成都創(chuàng)新互聯(lián)網(wǎng)站制作重慶分公司

SparkSQL筆記整理(三):加載保存功能與SparkSQL函數(shù)

[TOC]

博愛(ài)網(wǎng)站制作公司哪家好,找創(chuàng)新互聯(lián)公司!從網(wǎng)頁(yè)設(shè)計(jì)、網(wǎng)站建設(shè)、微信開發(fā)、APP開發(fā)、成都響應(yīng)式網(wǎng)站建設(shè)等網(wǎng)站項(xiàng)目制作,到程序開發(fā),運(yùn)營(yíng)維護(hù)。

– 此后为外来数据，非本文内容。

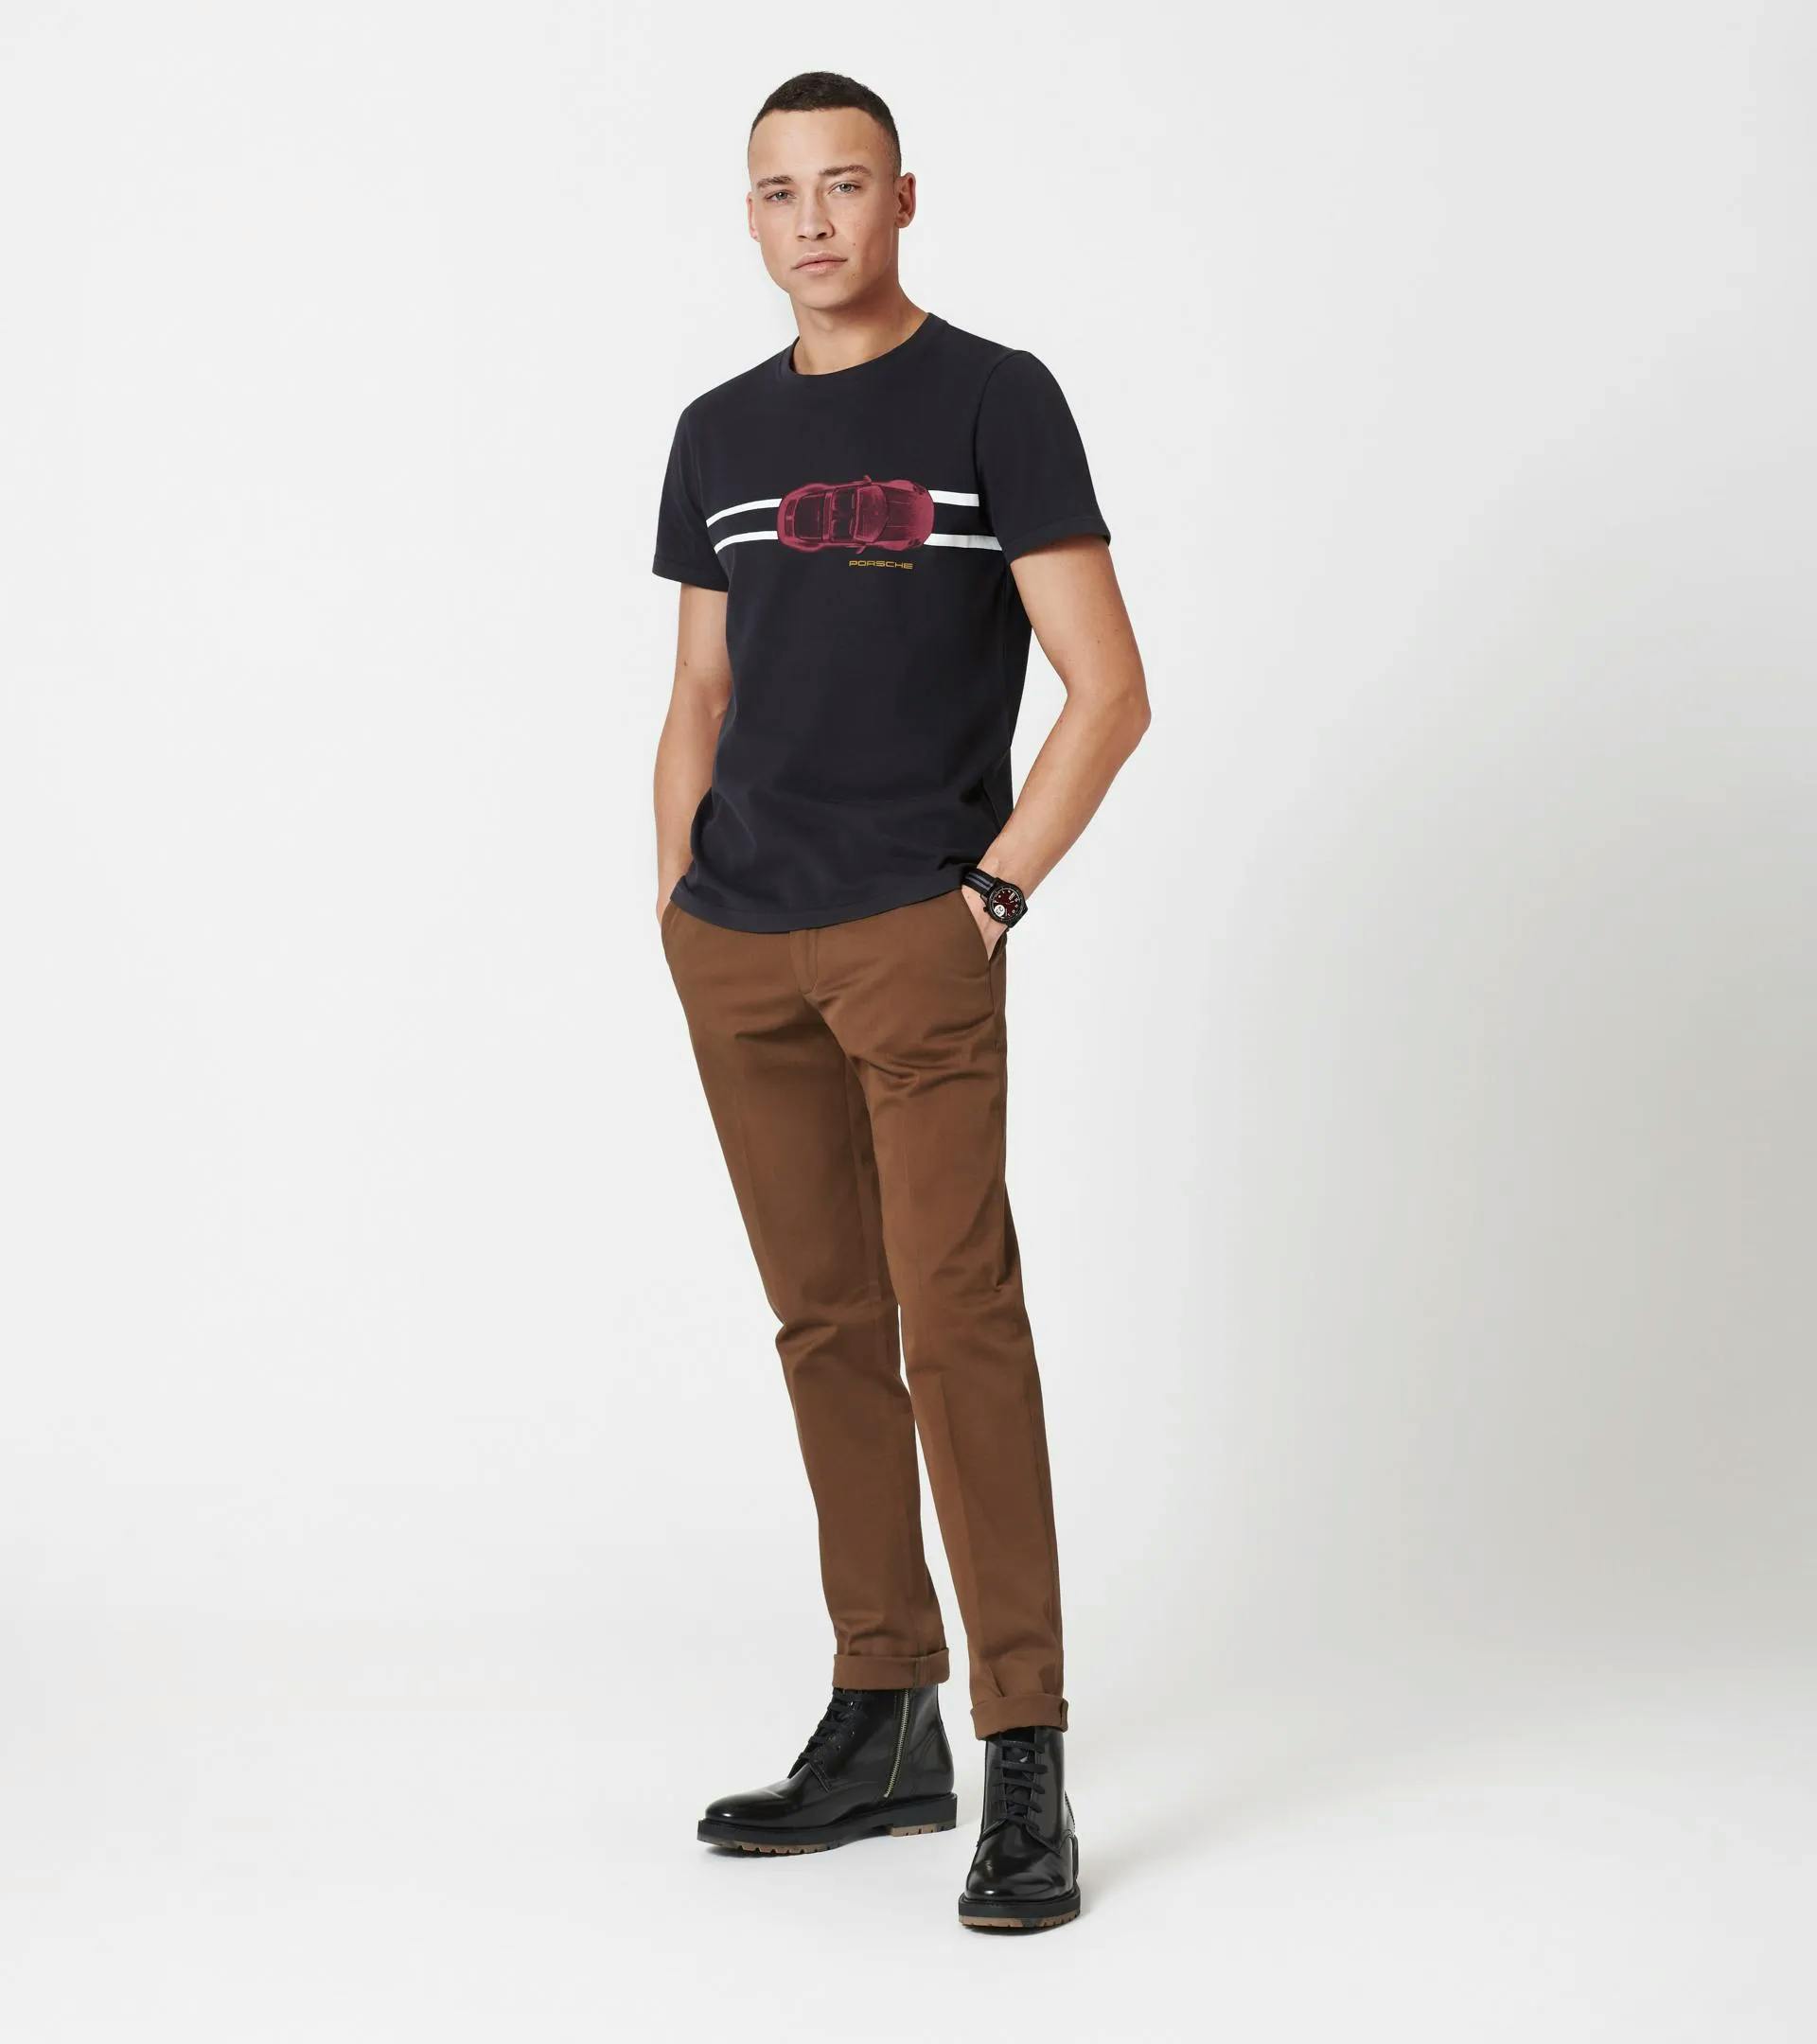 Collector's T-Shirt No. 19 unisex – Heritage – Ltd. 6

創(chuàng)新互聯(lián)公司自2013年起到現(xiàn)在10年的時(shí)間,我們擁有了豐富的建站經(jīng)驗(yàn)和運(yùn)維經(jīng)驗(yàn),來(lái)保證我們的工作的順利進(jìn)行。專注于網(wǎng)站建設(shè)就選創(chuàng)新互聯(lián)公司


加載保存功能

數(shù)據(jù)加載(json文件、jdbc)與保存(json、jdbc)

測(cè)試代碼如下:

package cn.xpleaf.bigdata.spark.scala.sql.p1

import java.util.Properties

import org.apache.log4j.{Level, Logger}
import org.apache.spark.{SparkConf, SparkContext}
import org.apache.spark.sql.{SQLContext, SaveMode}

/**
  * SparkSQL關(guān)于加載數(shù)據(jù)和數(shù)據(jù)落地的各種實(shí)戰(zhàn)操作
  */
object _03SparkSQLLoadAndSaveOps {
    def main(args: Array[String]): Unit = {
        Logger.getLogger("org.apache.spark").setLevel(Level.OFF)
        val conf = new SparkConf().setMaster("local[2]").setAppName(_01SparkSQLOps.getClass.getSimpleName)

        val sc = new SparkContext(conf)
        val sqlContext = new SQLContext(sc)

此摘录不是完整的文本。